WHAT IS NEEDED:
Every word in the data below belongs in your copy, exactly as given; the pictures do not.

DATA BLOCK:
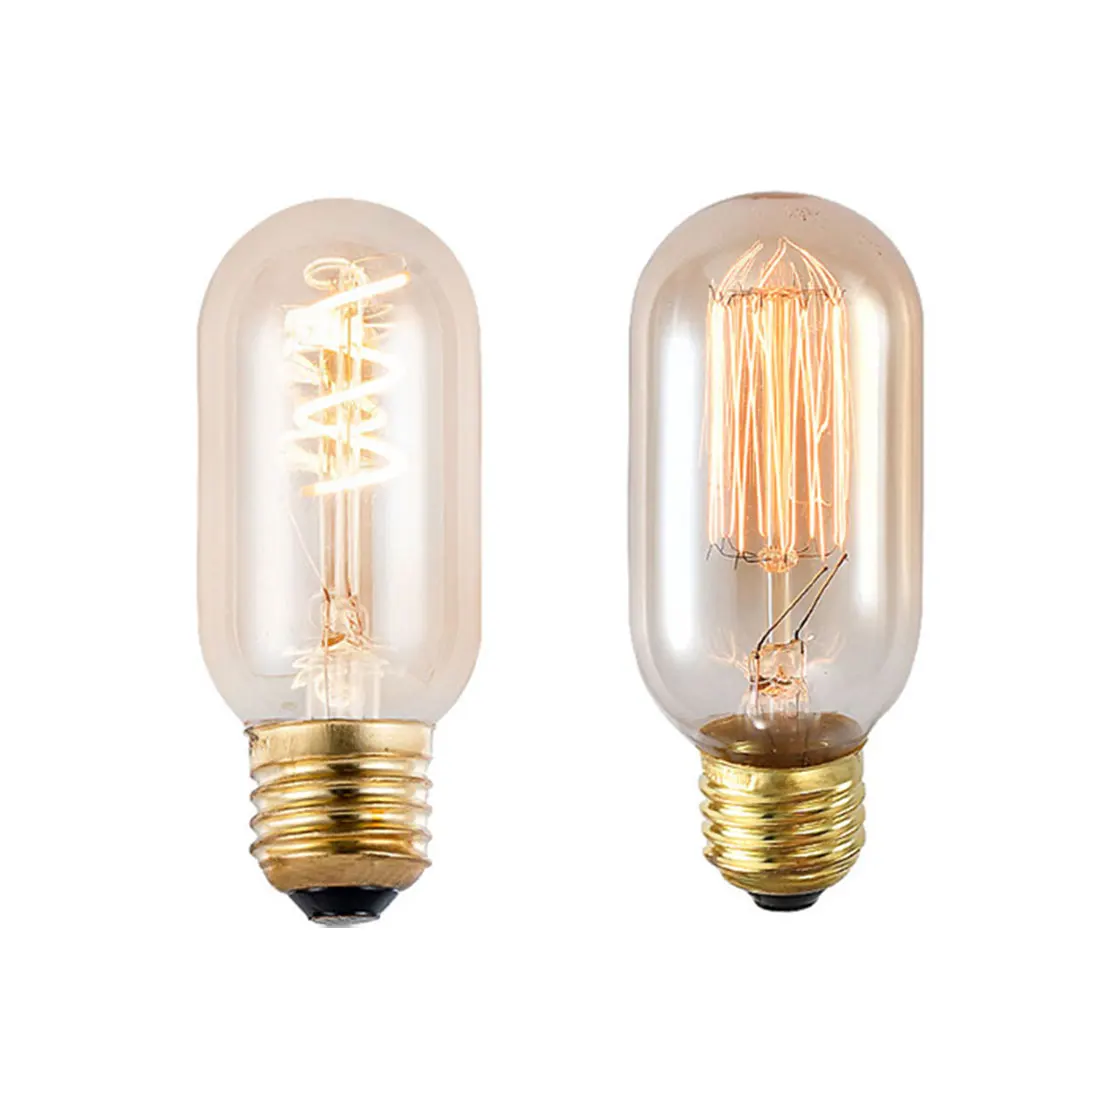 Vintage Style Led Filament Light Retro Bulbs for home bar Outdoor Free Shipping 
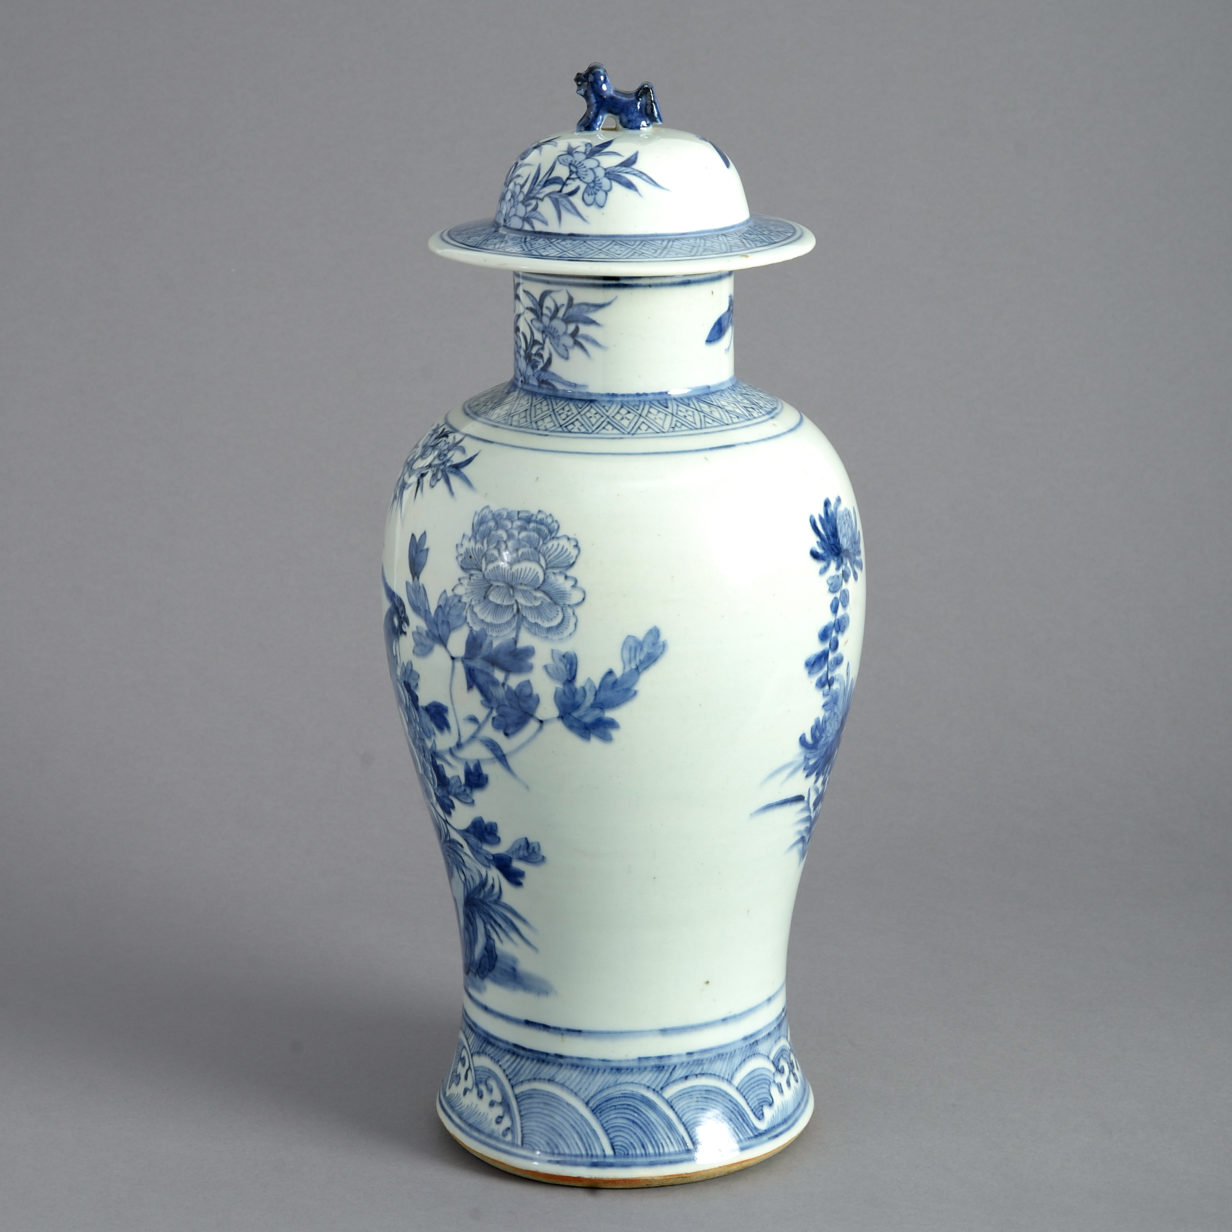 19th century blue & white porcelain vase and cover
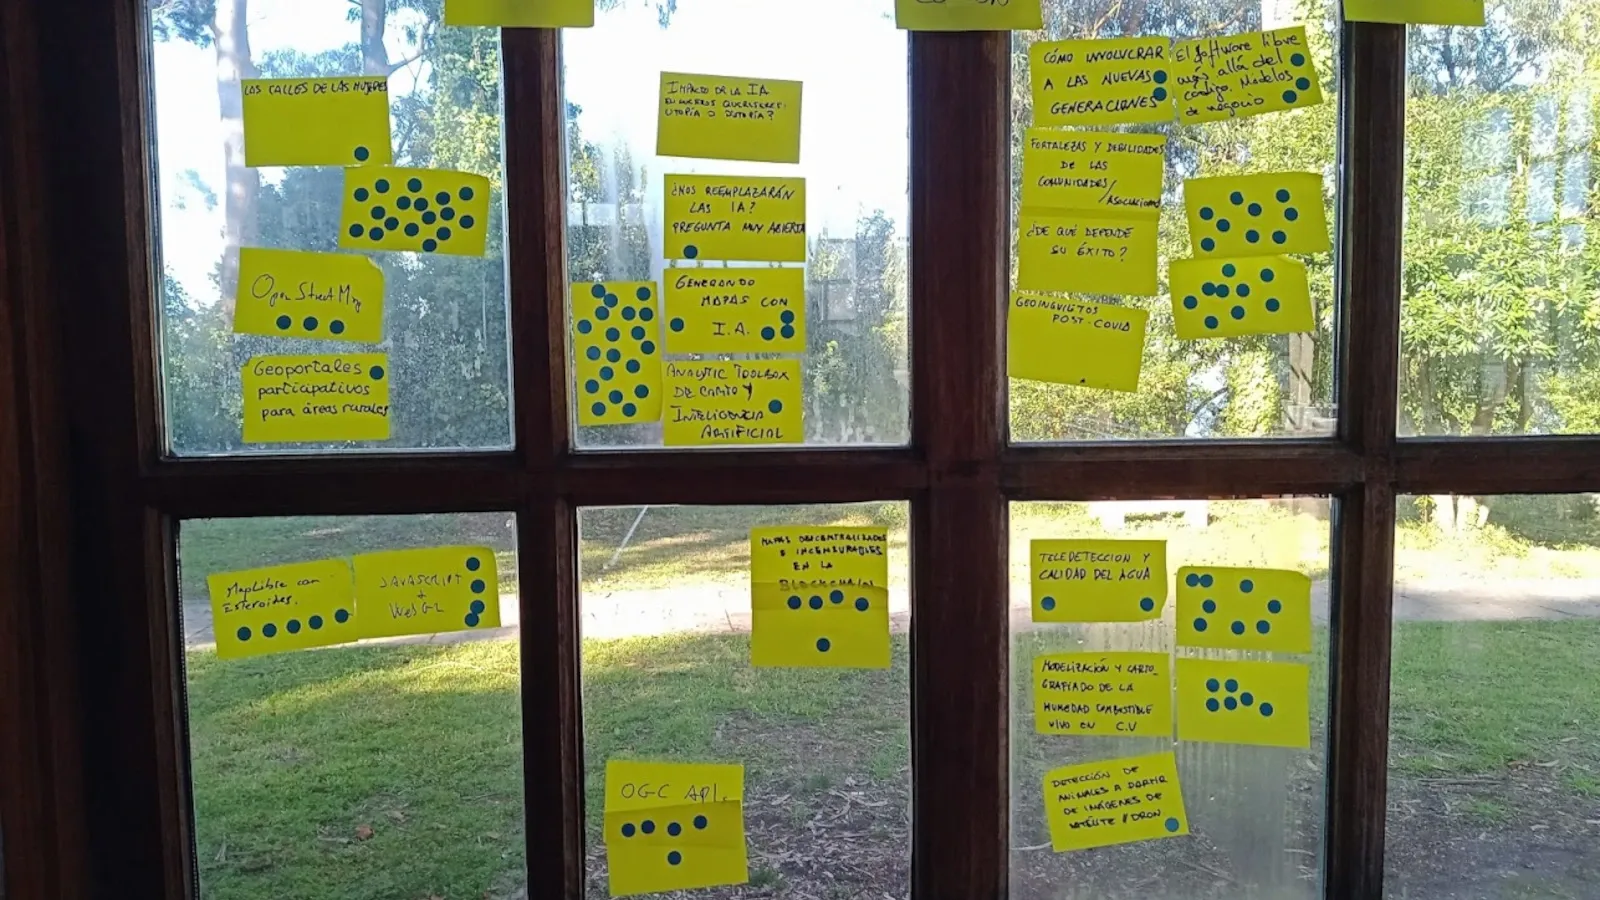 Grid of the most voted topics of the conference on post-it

ANSWER SECTION:
 Vintage Style Led Filament Light Retro Bulbs for home bar Outdoor Free Shipping 
 19th century blue & white porcelain vase and cover
 Grid of the most voted topics of the conference on post-it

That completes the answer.